REPEAT_BYTE(x) macro

Question

I was looking the code in kernel.h header file in /usr/src/linux-headers-3.11-.../include/linux/, I stumbled upon this macro (line 47) :

#define REPEAT_BYTE(x)  ((~0ul / 0xff) * (x))

After running this example I made:

#include <stdio.h>

#define REPEAT_BYTE(x) ((~0ul / 0xff) * (x))

int main(void)
{
        long z = 12;    
        fprintf(stderr, "\tz = %ldd (0x%lX)\n"
                        "\tREPEAT_BYTE(%ldd) = %ldd (0x%lX)\n",
                        z, z, z, REPEAT_BYTE(z), REPEAT_BYTE(z));
        return 0;
}

I've figured out what it does: It receives an int between 0 and 255(including them), so any one-byte long int, and it repeats that byte. This is obvious (except macro's name) when looking at the output:

z = 12d (0xC)
REPEAT_BYTE(12d) = 868082074056920076d (0xC0C0C0C0C0C0C0C)
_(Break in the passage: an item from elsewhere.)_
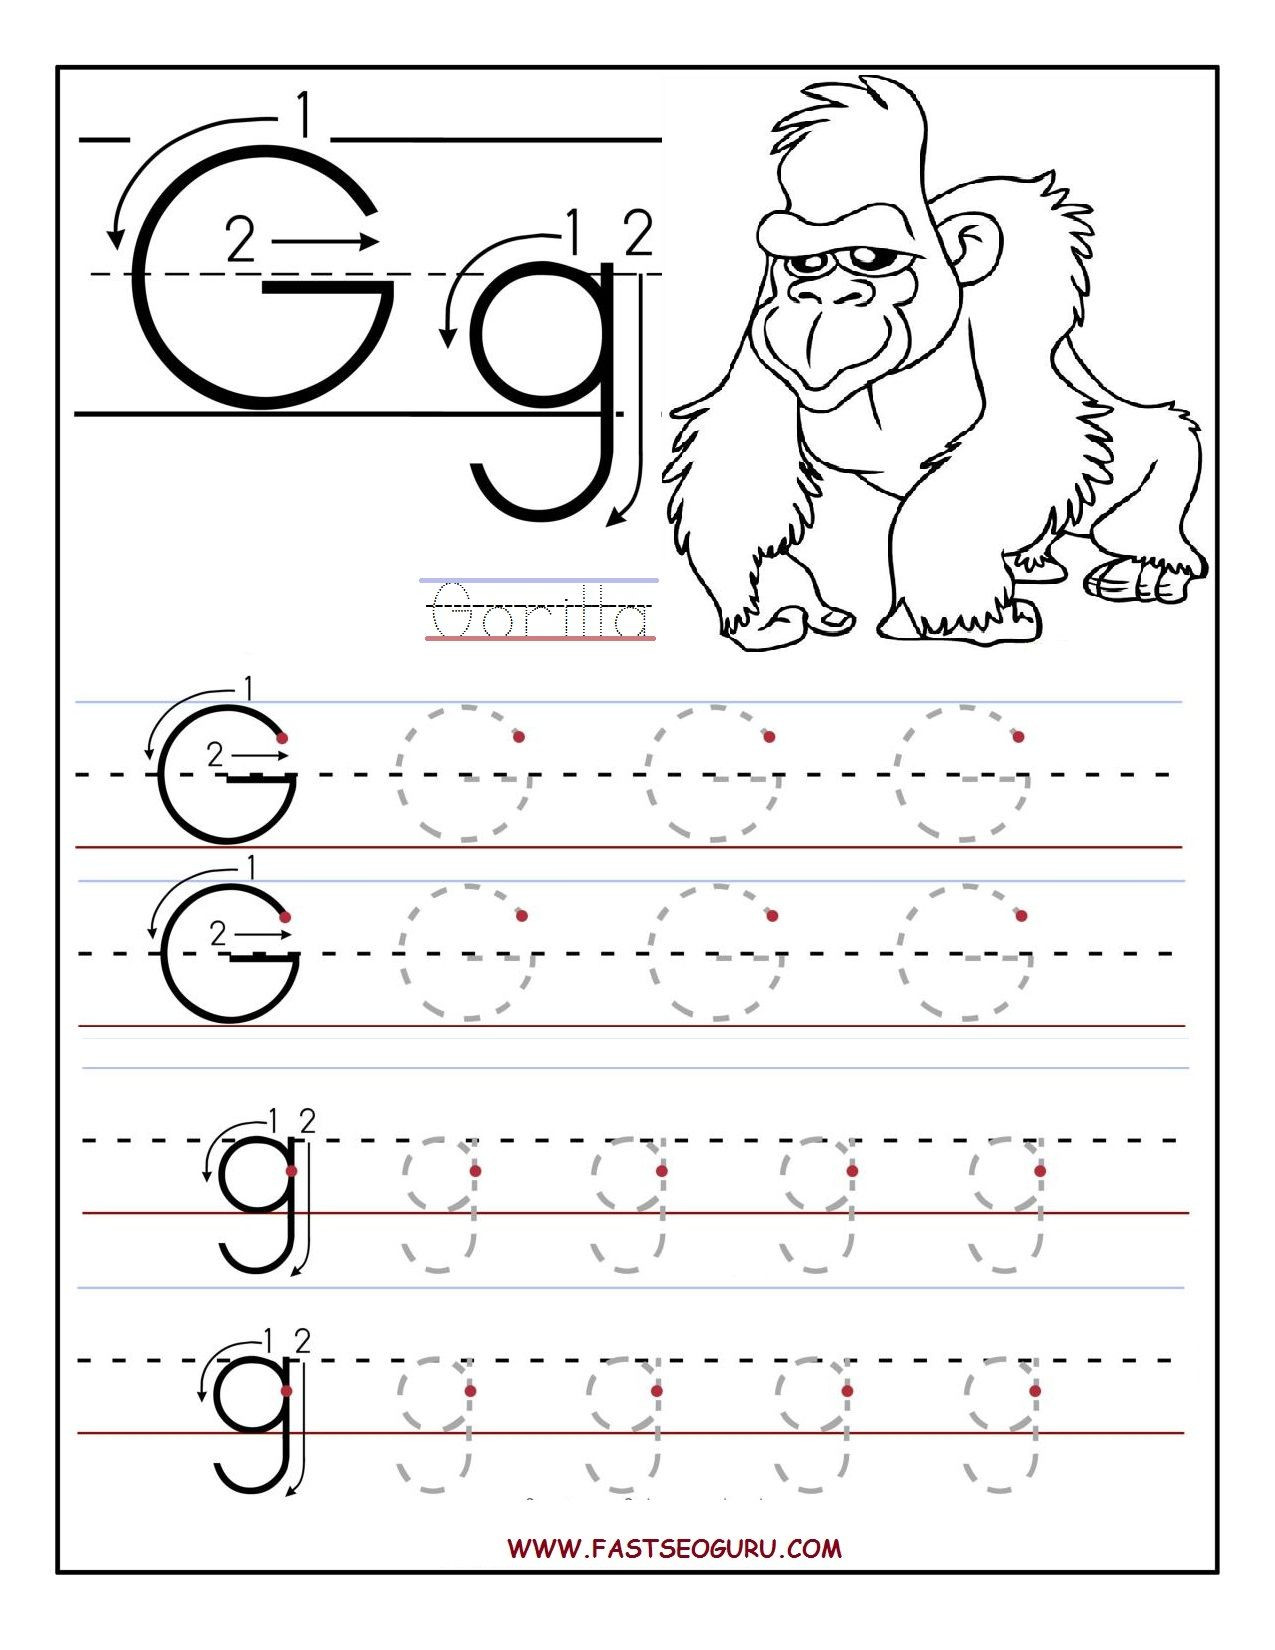 Letter G Tracing Worksheets Preschool Worksheets for Preschoolers

However, I still can't understand how does this expression work: ((~0ul / 0xff) * (x)), I could use some help with it.

Thanks a lot in advance!

Answer 1

On a 64-bit machine, ~0ul is 0xffffffffffffffff. Divide that by 0xff and you get 0x0101010101010101. Multiply by an 8-bit value and you get that 8-bit value repeated 8 times.